Driver decisions and behaviors are essential factors that can affect driving safety. To understand the driver behaviors, a driver activities recognition system is designed based on the deep convolutional neural networks (CNNs) in this section different from the driver behavior recognition system designed in the last chapter. The driver behavior recognition models are end-to-end trainable without hand-crafted feature extraction. specifically, seven common driving activities are identified, which are the normal driving, right mirror checking, rear mirror checking, left mirror checking, using in-vehicle radio devices, texting, and answering the mobile phone, respectively. Among these activities, the first four are regarded as normal driving tasks, while the remaining three are classified as the distraction group. The experimental images are collected using a low-cost camera, and 10 drivers are involved in the naturalistic data collection.
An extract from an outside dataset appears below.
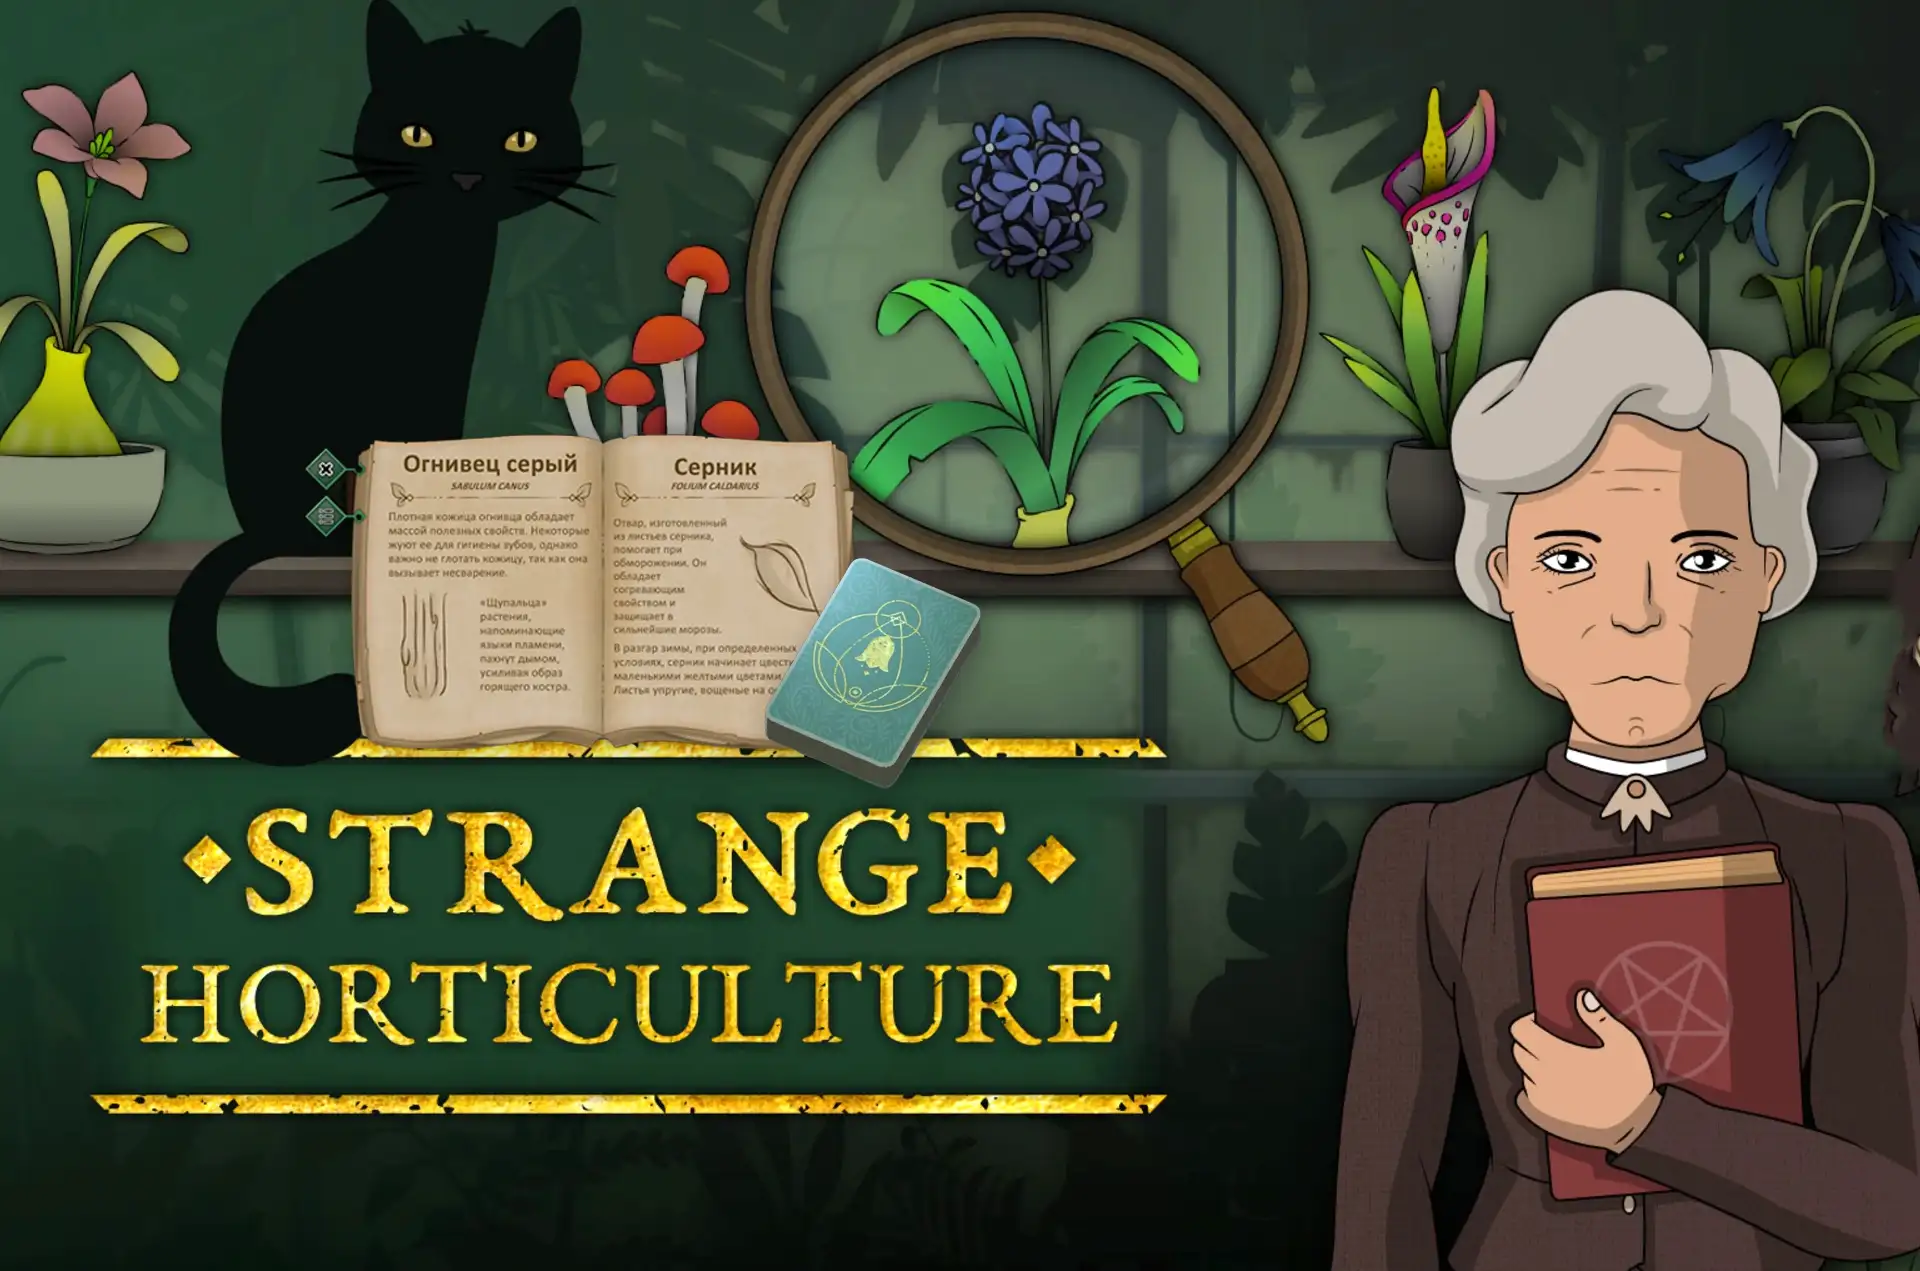 Presenting Strange Horticulture

The raw images are segmented using the Gaussian mixture model to extract the driver's body from the background before training the behavior recognition CNN model. To reduce the training cost, the transfer learning method is applied to fine-tune the pretrained CNN models. Three different pretrained CNN models, namely AlexNet, GoogLeNet, and ResNet50, are adopted and evaluated. The detection results for the seven tasks achieved an average of 81.6% accuracy using the AlexNet, and 78.6% and 74.9% accuracy using the GoogLeNet and ResNet50, respectively. Then, the CNN models are trained for the binary classification task and identify whether the driver is being distracted or not. The binary detection rate achieved 91.4% accuracy, which shows the advantages of using the proposed deep learning approach. Finally, the real-world application is analyzed and discussed.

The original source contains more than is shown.